# If looks could kill



## Dally Banjo (Oct 22, 2009)

Someone got out of bed the wrong side today :lol:


----------



## Taylorbaby (Jan 10, 2009)

oh blimey lol!!! not a happy bunny lol!!


----------



## 2lisa2 (Apr 30, 2010)

he looks like hes ready for a show down :lol::lol: hes beautiful


----------



## MaryA (Oct 8, 2010)

I wonder what he is thinking? Any ideas.....


----------



## Amethyst (Jun 16, 2010)

Oooooops, what have YOU done to deserve that  :lol:


----------



## westie~ma (Mar 16, 2009)

:lol: :lol:

Stunning tho, even while giving evils


----------



## buffie (May 31, 2010)

You've been warned Tango :scared:If you see me looking at you.Run as fast as your little babypawz will carry you :devil:


----------



## Dally Banjo (Oct 22, 2009)

:lol: I think he's practising being hard  apparently Tango is the bully of the litter :scared:


----------



## lymorelynn (Oct 4, 2008)

MaryA said:


> I wonder what he is thinking? Any ideas.....

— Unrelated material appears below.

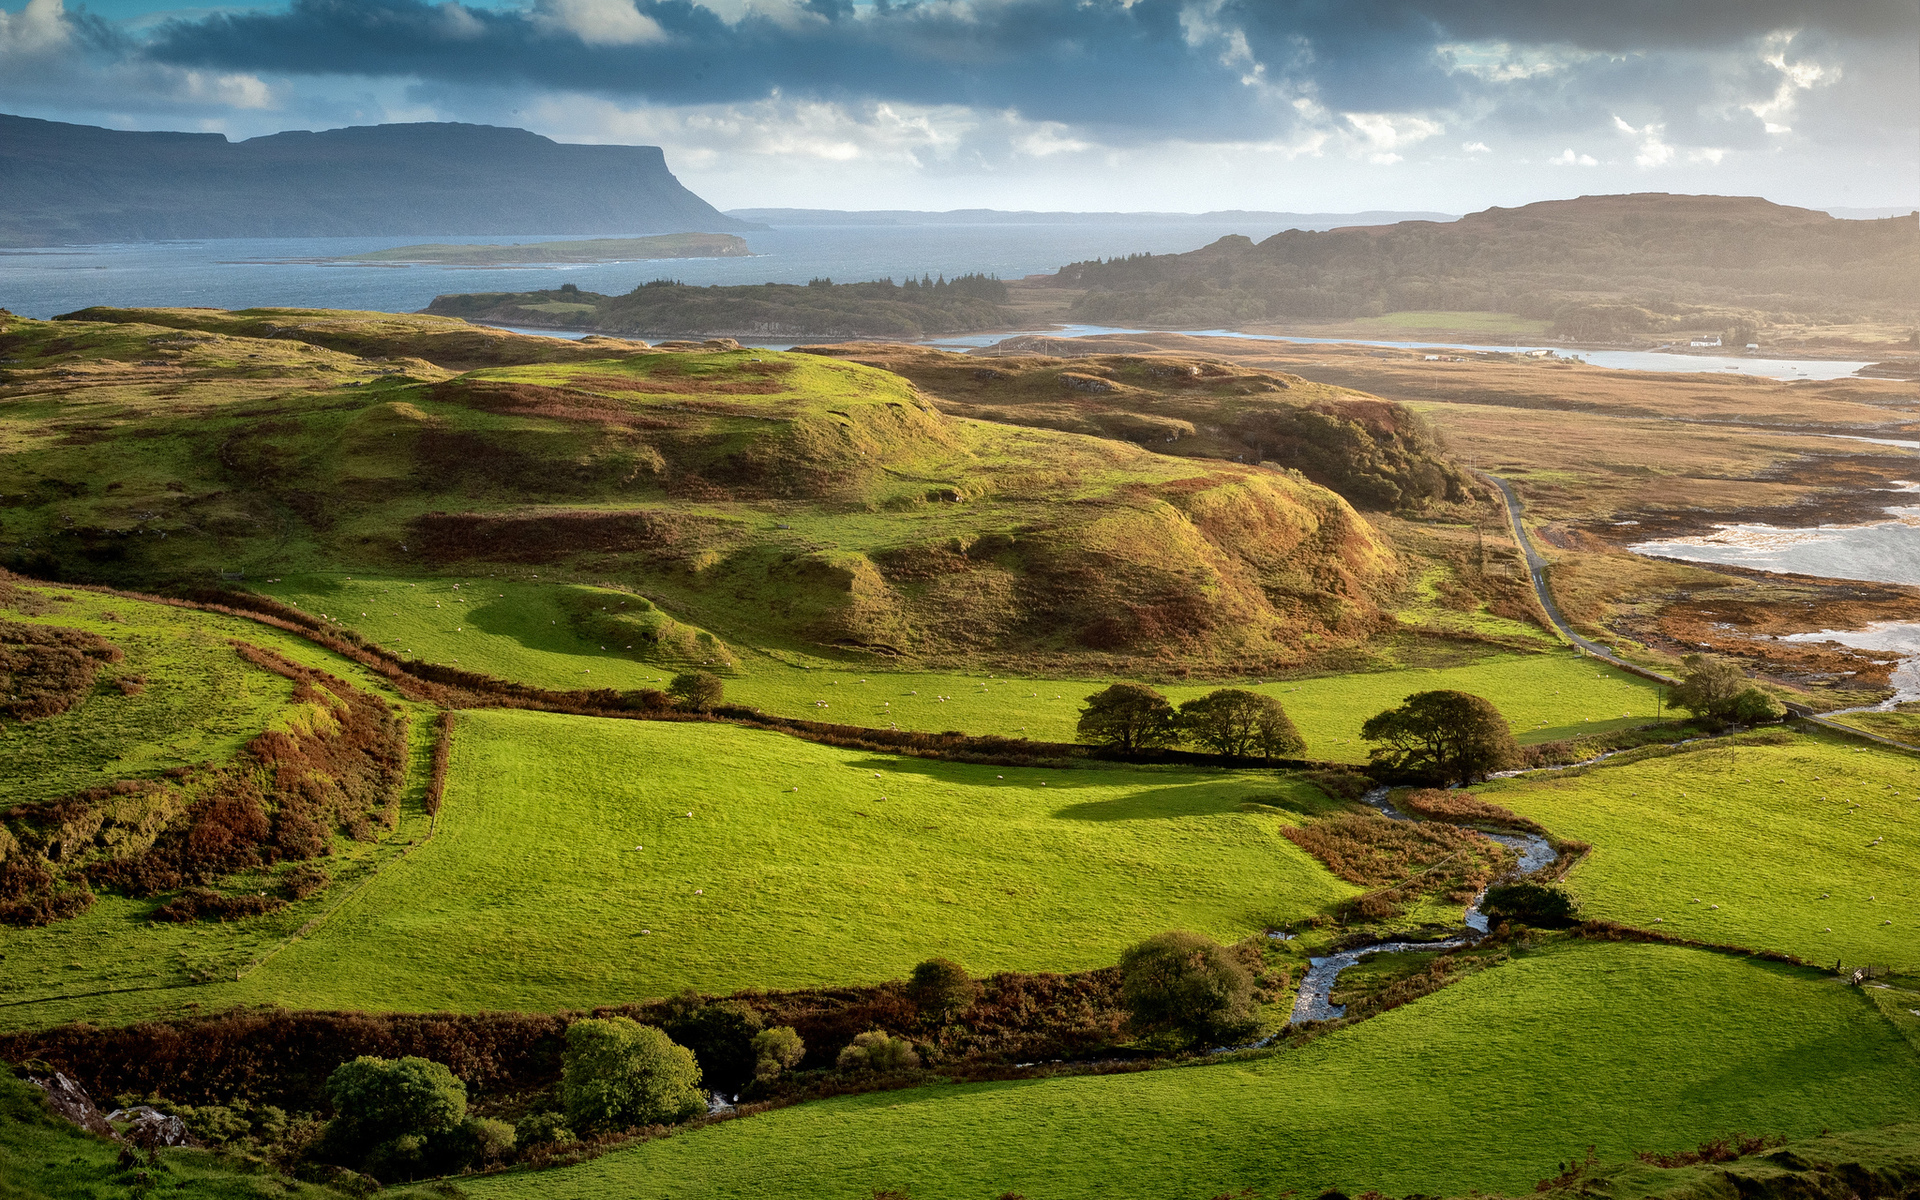 mull-scotland-by-greg-heath-desktop-wallpaper-scotland-landscape-wallpaper-free-desktop-iphone-photos-download-android-5-wallpapers-mac
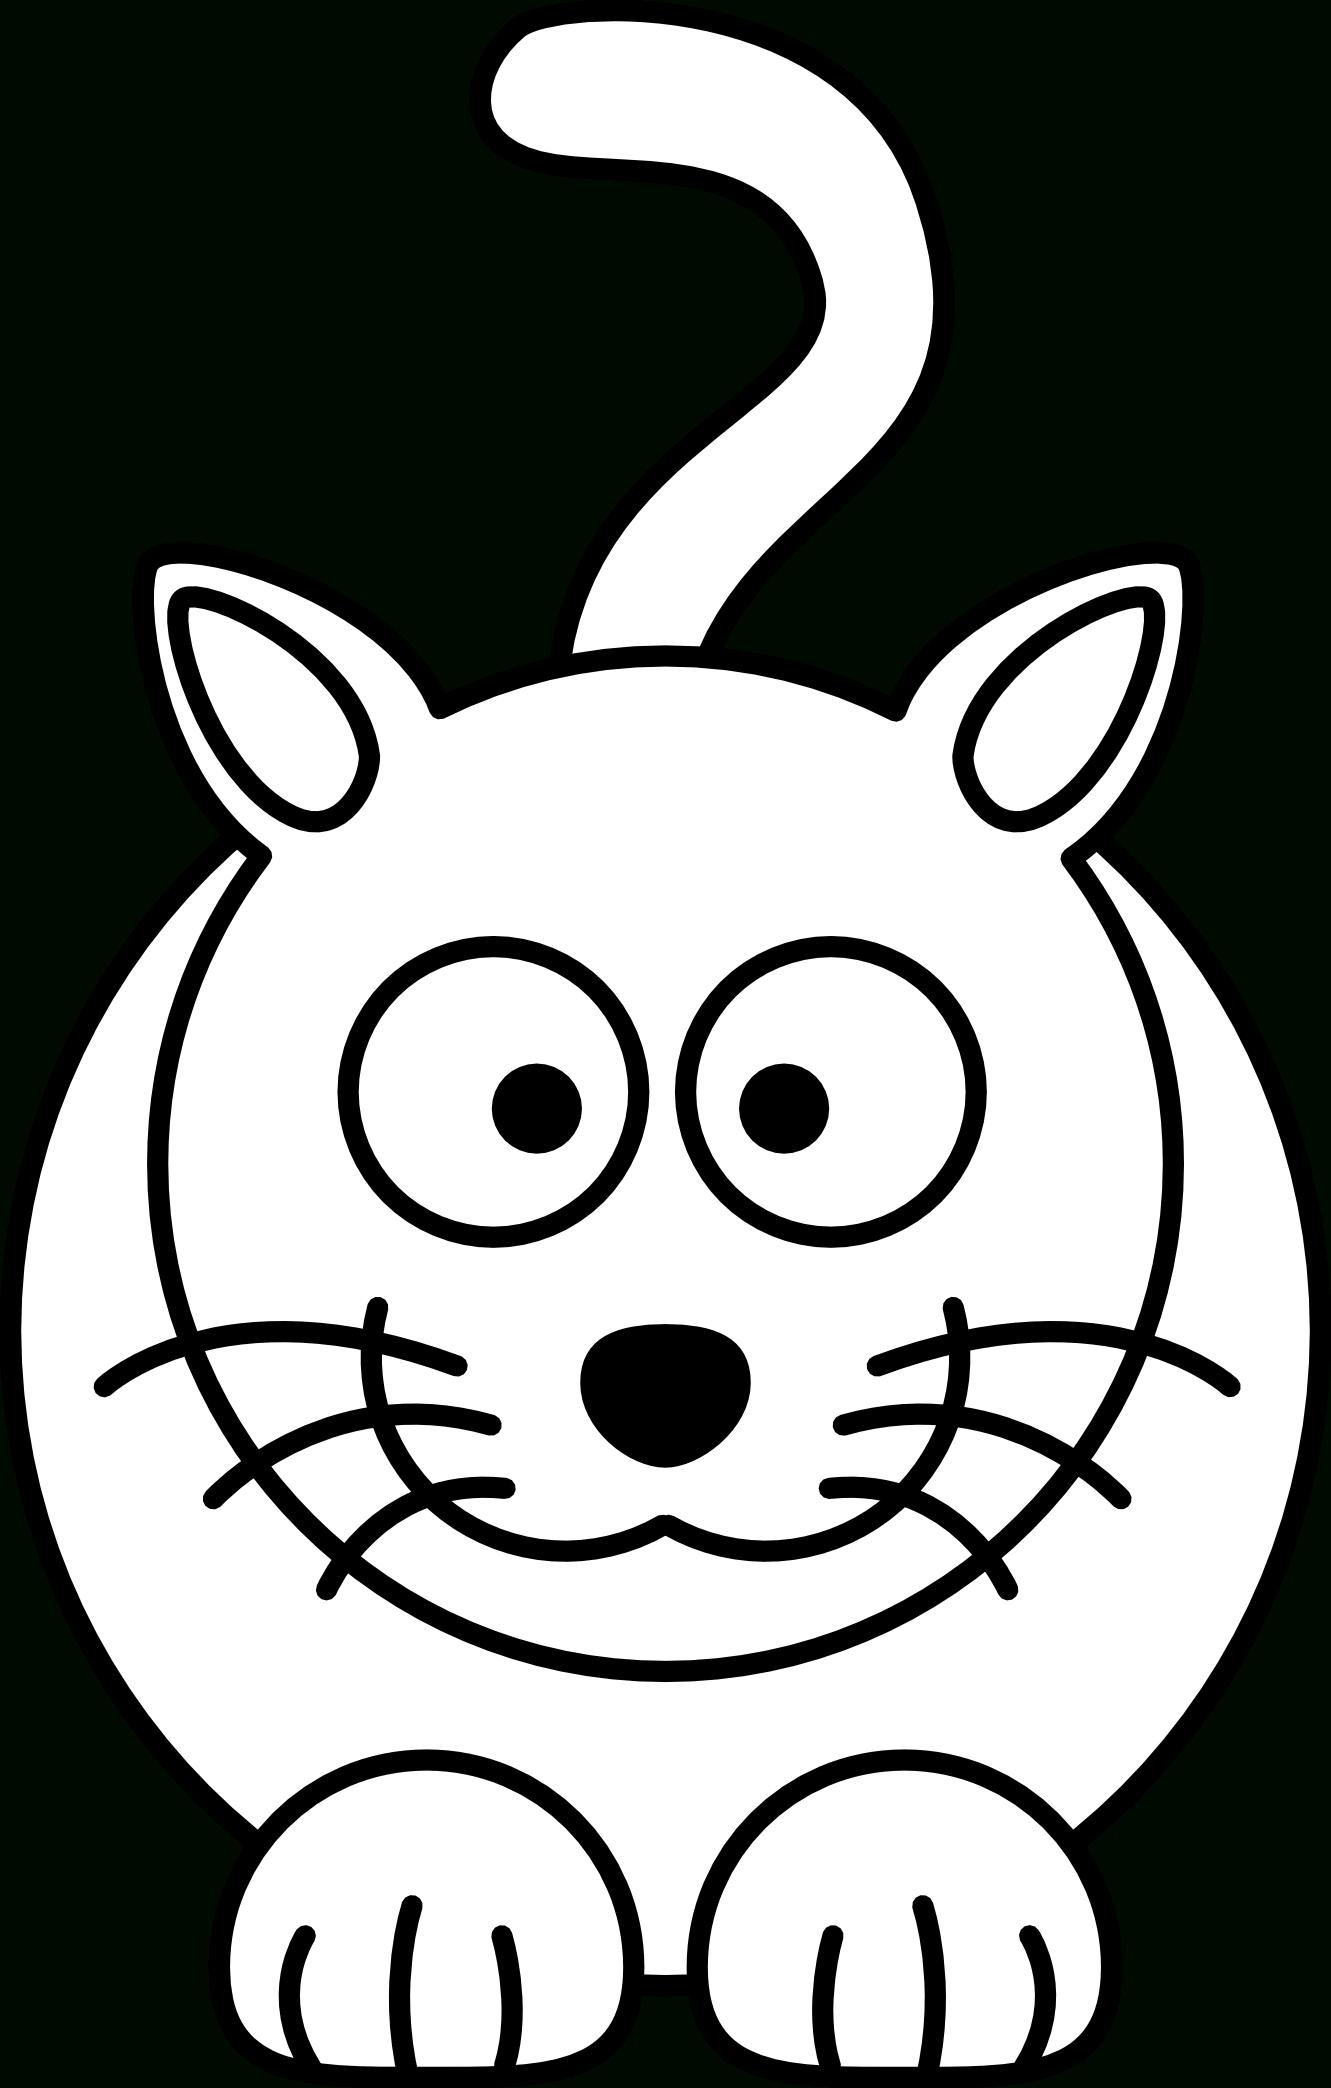 1331x2088 Cat Cartoon Drawing How To Draw A Cartoon Cat

'I am plotting to take over the world. If that babypawz thing thinks it will change things it will soon learn the error of its ways :devil:'
He's still a gorgeous boy though


----------



## Dally Banjo (Oct 22, 2009)

lymorelynn said:


> 'I am plotting to take over the world. If that babypawz thing thinks it will change things it will soon learn the error of its ways :devil:'
> He's still a gorgeous boy though


Either that or its because I told him his nose is dirty & he'd just had a wash but then Louie's idea of a wash leaves alot to be desired  :lol:


----------



## lymorelynn (Oct 4, 2008)

Dally Banjo said:


> Either that or its because I told him his nose is dirty & he'd just had a wash but then Louie's idea of a wash leaves alot to be desired  :lol:


:lol: What my Gran used to call a cat lick and a promise :lol:


----------



## Nicky10 (Jan 11, 2010)

what did you do to him?


----------



## Dally Banjo (Oct 22, 2009)

lymorelynn said:


> :lol: What my Gran used to call a cat lick and a promise :lol:


:lol: :lol: :lol:



Nicky10 said:


> what did you do to him?


It could have been me calling him a "teeny whittle puddy cat" :scared: :lol: :lol: :lol:


----------



## new westie owner (Apr 30, 2010)

:lol::lol: bless


----------



## westie~ma (Mar 16, 2009)

Dally Banjo said:


> :lol: I think he's practising being hard  apparently Tango is the bully of the litter :scared:


Tell Louie not to worry, Tango won't be at yours for long  
My stealth-mode gizmo is nearly finished, I'll be firing it up to snaffle speed as soon as I've ironed out my Tango-radar snags :thumbup:


----------



## Dally Banjo (Oct 22, 2009)

westie~ma said:


> Tell Louie not to worry, Tango won't be at yours for long
> My stealth-mode gizmo is nearly finished, I'll be firing it up to snaffle speed as soon as I've ironed out my Tango-radar snags :thumbup:


:scared: :hand::hand::hand: he's under 24hr guard & any suspiciouse looking vehicles in the area will be shed in by the spots  :lol:


----------



## westie~ma (Mar 16, 2009)

Dally Banjo said:


> :scared: :hand::hand::hand: he's under 24hr guard & any suspiciouse looking vehicles in the area will be shed in by the spots  :lol:


I have a "cloaking" device and anti-spot-shedding manouvres ie. doggy choccy drops :lol:


----------



## Dally Banjo (Oct 22, 2009)

westie~ma said:


> I have a "cloaking" device and anti-spot-shedding manouvres ie. doggy choccy drops :lol:


:scared:  off back to "keep Tango's where abouts secret" black board :lol:


----------



## raggs (Aug 3, 2008)

he is still gorgeous even if he has got a moody on lol


----------



## Guest (Jan 28, 2011)

lol what a face! still lovely though!


----------



## Malorey (Jan 25, 2011)

LOL, that's too funny! I am really loving that picture.


----------



## Chez87 (Aug 11, 2010)

I LOVE this photo!!


----------